Visual Arts - Hot and cold

Two Cuban artists, two distinct visions

Mario Petrirena’s retrospective at City Gallery East is romantic, contemplative and filled with longing and angst. This is an artist clearly wrapped up in the past. Meanwhile, another Cuban-born, Atlanta-based artist, Rocío Rodríguez (on view at the Museum of Contemporary Art of Georgia), creates abstract paintings whose graphic, technological forms stay firmly rooted in the here and now.

Petrirena’s work has often bridged two cultures: the Cuba he left as a boy, and the America he now calls home. His work continually mines that tension between an emotionally fraught past and a present where time and imperfect memory can obfuscate what came before. Like other Southern artists, he has a near-obsession with the idea of the reliquary: the sacred, weathered object, the rusted bit of metal or the cloudy glass vitrine that function like inanimate bones, holding remnants of another time and place.

Petrirena’s exhibition Conversations: Past and Present takes many forms, but the song, essentially, remains the same.

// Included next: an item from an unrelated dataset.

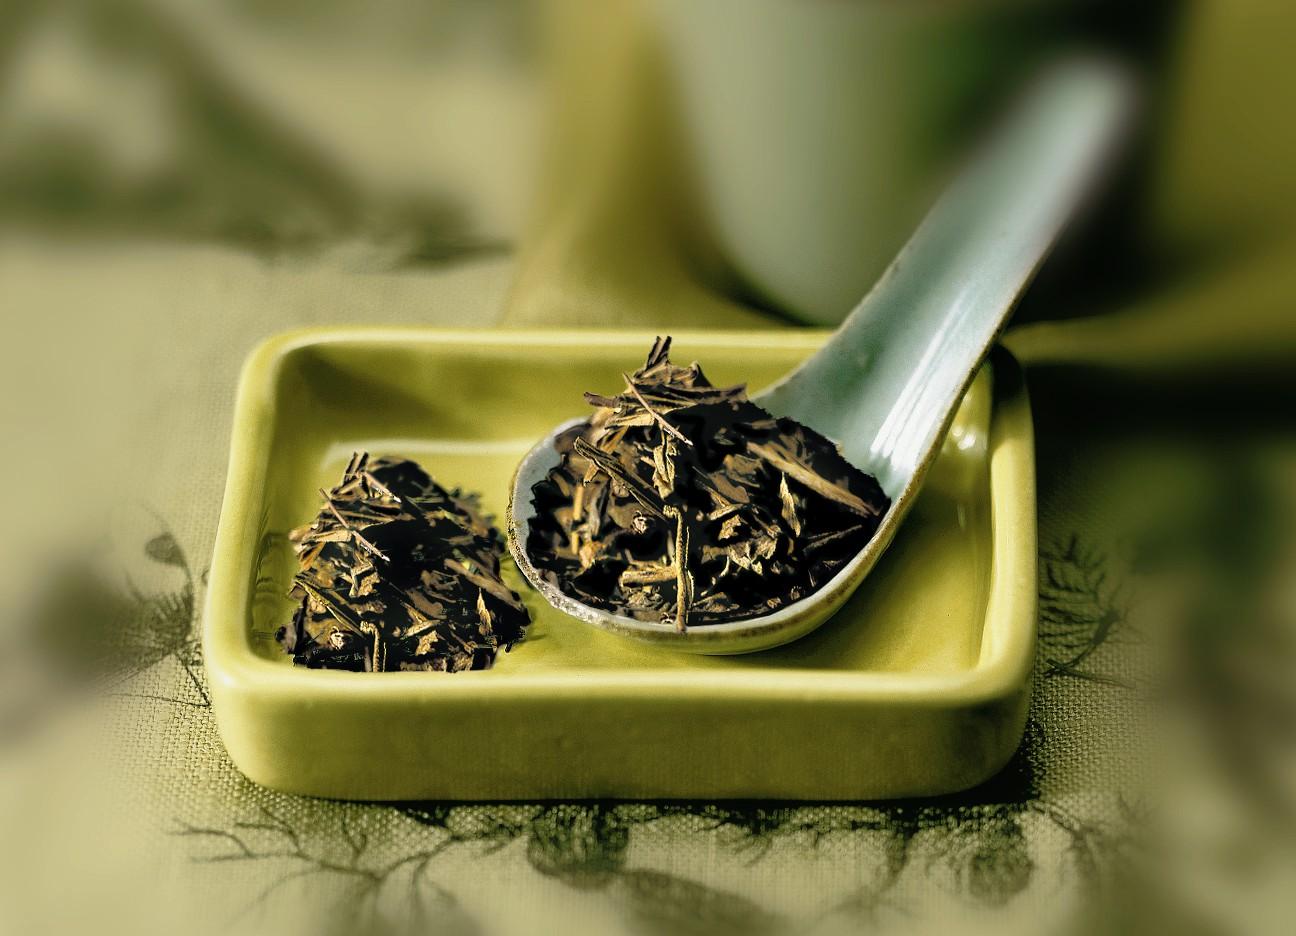 كيف تستخدم الشاي الاخضر للتنحيف

In a large series of collaged images, Petrirena juxtaposes images of noble Roman statues with photos of tattooed men to suggest a clash between the ideal and the real, the high and the low, the past and the present, fame and anonymity. Many times, the statues’ heads and bodies nearly obliterate the people beneath, suggesting that these classical forms are the documents that colonize our memory, while real people get lost to time.

The idea of memorializing people through a collision of photographs and weathered objects is most beautifully realized in one of the exhibition’s highlights, a trio of sculptural works dominated by a tombstone-shaped memorial decorated with vintage photos of soldiers. Next to that memorial to the men and women whose sacrifices ennoble us stand two sculptures that indict us: a warhead-like form notched with black lines to indicate a body count, and a crater ornamented with tiny human faces to suggest the real-world victims that every bomb leaves behind.

Petrirena makes a canny statement about war, and how it reduces human life to a numbers game. The tombstone crops up again and again in Petrirena’s exhibition, though it is only the most literal representation of mourning and remembrance in a display filled with small shrines to the past.

In Rocío Rodríguez: Parallels, the artist moves away from the curlicued, looping floral forms that have often dominated her work in the past, and opens up a new force that speaks of global power dynamics, conflict and interconnected micro- and macro-forces. Executed in blunt black lines and hazard-sign reds and oranges, Rodríguez’s vigorous paintings look like an abstracted diagram of global machinations that would be displayed on the floor of the United Nations or in some secret war room.

Like the work of her countryman, Rodríguez’s paintings require time and patience to unravel. Their beauty lies in how both Petrirena and Rodríguez defy expectations about their gender. Where Petrirena’s work is emotion-drenched and poetic, Rodríguez’s paintings are virile, bold and muscular. Petrirena’s work at times threatens to topple into preciousness, while Rodríguez runs the risk of an alienating coolness. But for those willing to linger, both artists yield uncommon depth.